---------- DATA SECTION
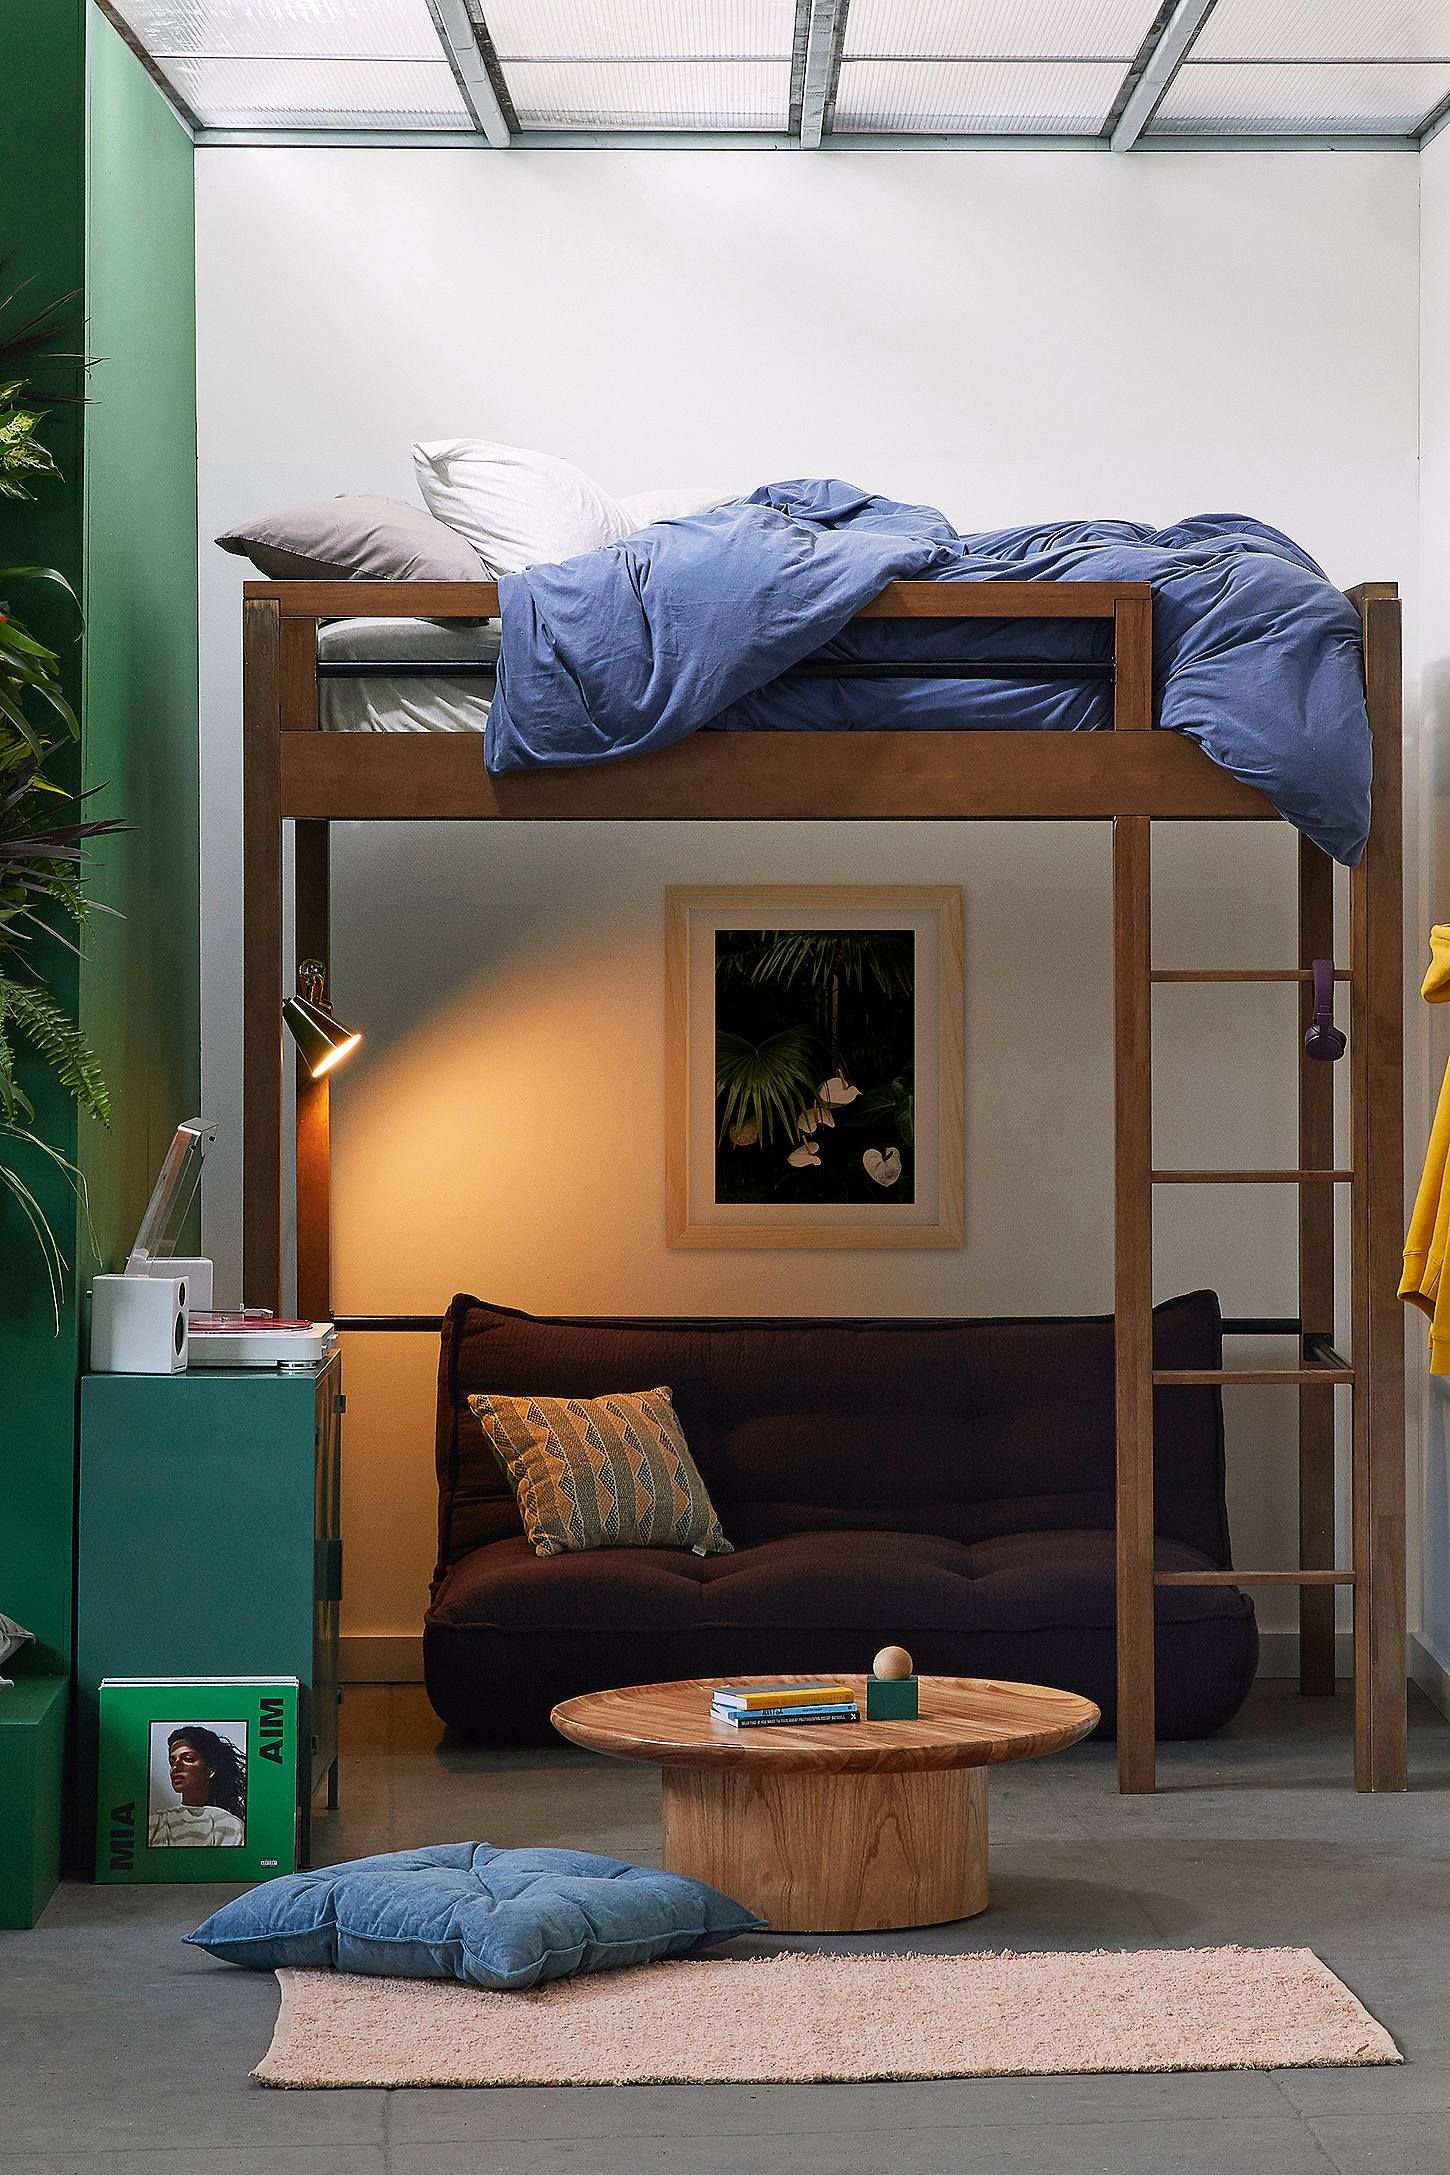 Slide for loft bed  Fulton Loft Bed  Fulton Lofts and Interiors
--------------------
---------- DATA SECTION
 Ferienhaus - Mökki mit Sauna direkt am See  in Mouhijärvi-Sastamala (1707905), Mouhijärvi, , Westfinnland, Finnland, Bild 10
--------------------
---------- DATA SECTION
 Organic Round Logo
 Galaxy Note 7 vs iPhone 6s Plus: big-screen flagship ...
--------------------
### WHAT THE TASK ASKS
Retype, exactly and in full, the lines above from the one containing "Organic Round Logo" through the one containing "Galaxy Note 7".

### RESULT
 Organic Round Logo
 Galaxy Note 7 vs iPhone 6s Plus: big-screen flagship ...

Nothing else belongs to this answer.